Personal information
- Full name: Dimitrios Kourbelis
- Date of birth: 2 November 1993 (age 32)
- Place of birth: Korakovouni, Arcadia, Greece
- Height: 1.81 m (5 ft 11 in)
- Positions: Defensive midfielder; centre-back;

Team information
- Current team: Asteras Tripolis
- Number: 21

Youth career
- 2007–2011: Asteras Tripolis

Senior career*
- Years: Team / Apps / (Gls)
- 2011–2016: Asteras Tripolis / 103 / (2)
- 2016–2023: Panathinaikos / 149 / (7)
- 2023–2024: Trabzonspor / 6 / (0)
- 2024: → Fatih Karagümrük (loan) / 12 / (0)
- 2024–2026: Al-Khaleej / 49 / (3)
- 2026–: Asteras Tripolis / 5 / (0)

International career^{‡}
- 2011–2012: Greece U19 / 17 / (1)
- 2013: Greece U20 / 6 / (0)
- 2012–2015: Greece U21 / 10 / (1)
- 2017–: Greece / 56 / (4)

Medal record
Men's football
Representing Greece
UEFA European Under-19 Championship
| Runner-up | 2012 Estonia |  |

= Dimitrios Kourbelis =

Greek footballer (born 1993)

Dimitrios Kourbelis (Δημήτριος Κουρμπέλης; born 2 November 1993) is a Greek professional footballer who plays as a defensive midfielder for Super League club Asteras Tripolis and the Greece national team.

==Club career==

===Asteras Tripolis===
On 31 May 2015, Kourbelis reached 100 appearances for Asteras Tripolis and scored his first goal in 2014–15 play-offs against Atromitos. He made 131 appearances across all competitions during his career at Tripolis.

===Panathinaikos===
On 23 December 2016, Kourbelis signed a 3.5-season contract with Greek club Panathinaikos and was officially announced by Athens club, on an annual fee of €250,000. Panathinaikos will pay €500,000 to his former club during the next three seasons, along with a 25% next transfer percentage and some appearances and targets bonus, which could increase the cost of 23-year-old international's move to the team of manager Marinos Ouzounidis to €700,000. The Greek international quickly earned respect within the club and his quick transition from Asteras Tripolis to Panathinaikos proved his ability to overcome new challenges. On 5 January 2017, he made his debut with the club playing as a starter in a 1–0 away loss against Platanias and ever since, Kourbelis has become an irreplaceable option in Panathinaikos.

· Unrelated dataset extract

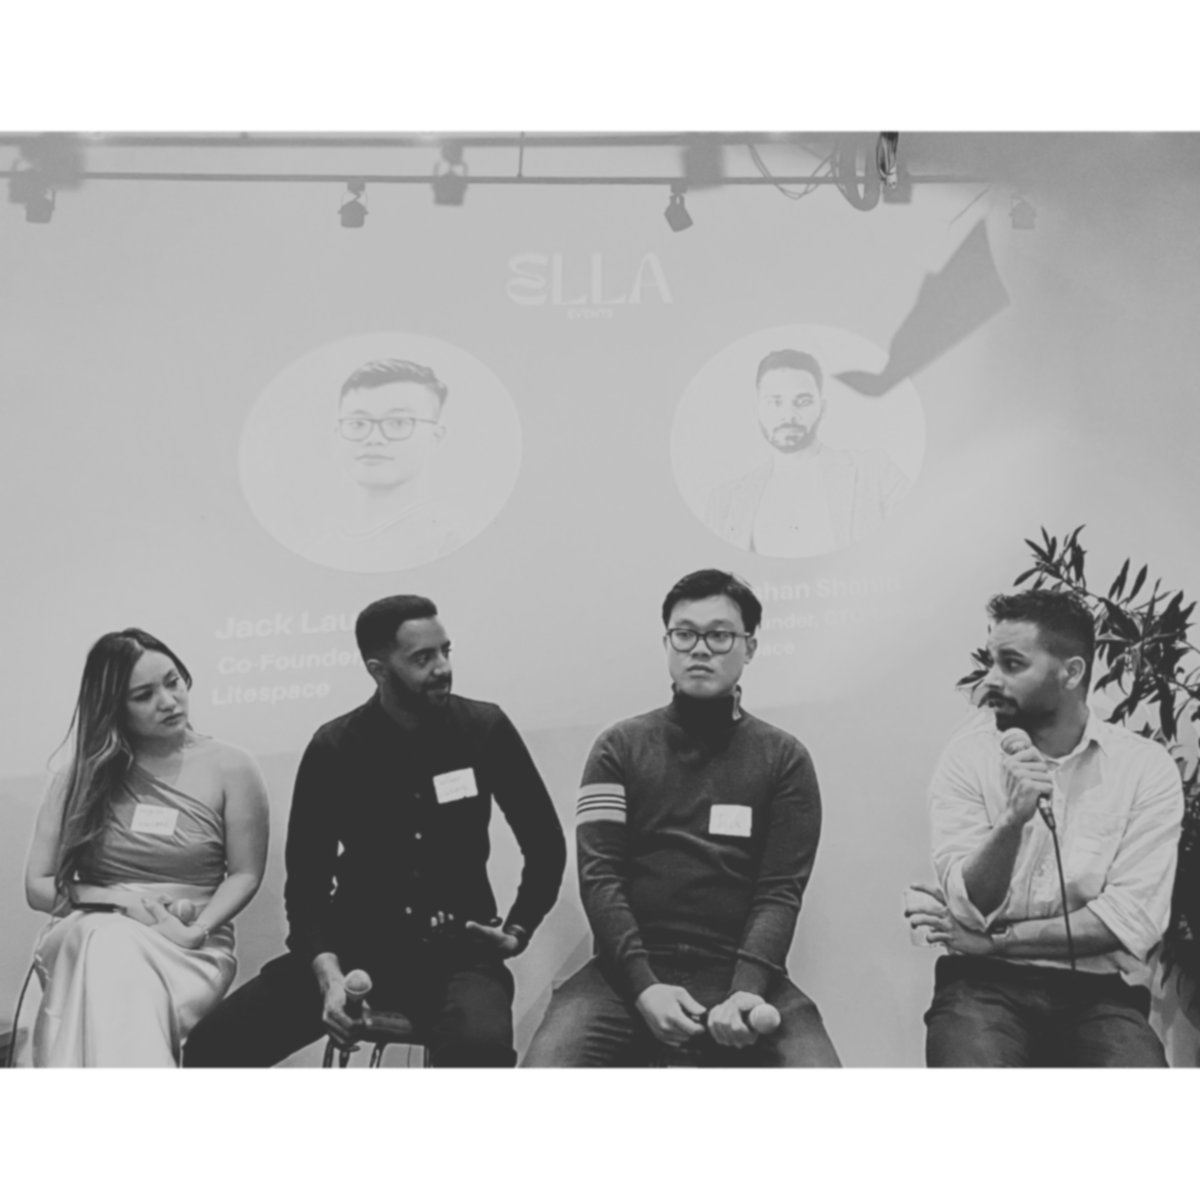 Panel discussion with Angella and Abrham, co-founders of Ella Events, as moderators and Jack and Zeeshan, co-founders of Litespace, as guests.

After the sale of Zeca to Copenhagen, despite the fact that he had spent only 8 months with the club, he was appointed as the new captain for the 2017–18 season.

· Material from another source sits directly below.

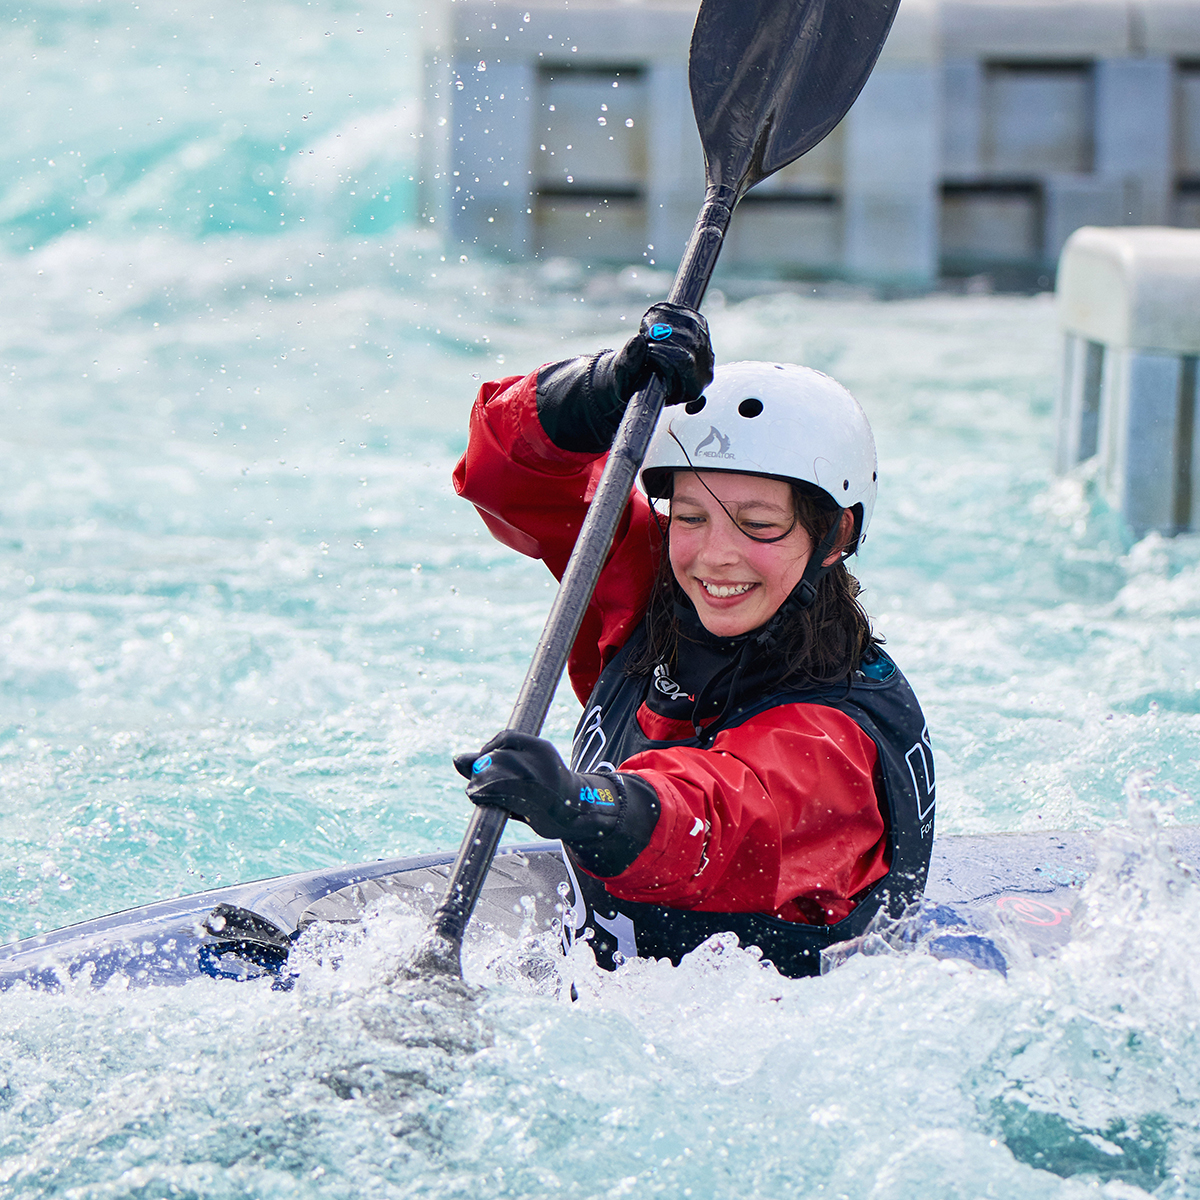 🚣‍♂️ Dive into adventure at the inaugural Lee Valley Paddle Festival! 🌊 Register now for early bird discounts and secure your spot for a thrilling weekend of paddling excitement from 5-7 July. 👉 brnw.ch/21wJ9yQ

On 13 January 2018, according to Live Sport athletic newspaper, Genoa offered about €2 million to the financially struggling Panathinaikos, in order to secure the 24-year-old international defensive midfielder and captain of the club in the January transfer window, without ignoring other German and Italian clubs that asked about the market value of the player. At the last week of the 2018 January transfer window, PAOK submitted a proposal to financial struggling Panathinaikos for the acquisition of the international midfielder. PAOK are offering Panathinaikos €1.5 million for Kourbelis, including the services of Ergys Kaçe, Giannis Mystakidis and Dimitris Konstantinidis for the second half of this season, but the player is reluctant for this transfer, besides the annual fee of €450,000. At the last day of the January transfer window, the administration of PAOK did not manage to reach an agreement with Kourbelis, while Sampdoria will try to capture Panathinaikos' captain. The 25-year old defensive midfielder wants to compete in a team abroad with the Italian club eyeing his case. The Genova's team is willing to offer about €2 million for Kourbelis and a news update is expected. Nevertheless, Panathinaikos maybe capture either Konstantinidis, Kaçe and Mystakidis regardless the future of Kourbelis. Eventually, the captain of Panathinaikos will remained at the club for the rest of the season. On 3 February 2018, Kourbelis suffered an injury during the first half of a home game against Panetolikos. He was expected to remain out of action for 3–4 weeks and his absence was a blow for the plans of Panathinaikos' manager Marinos Ouzounidis.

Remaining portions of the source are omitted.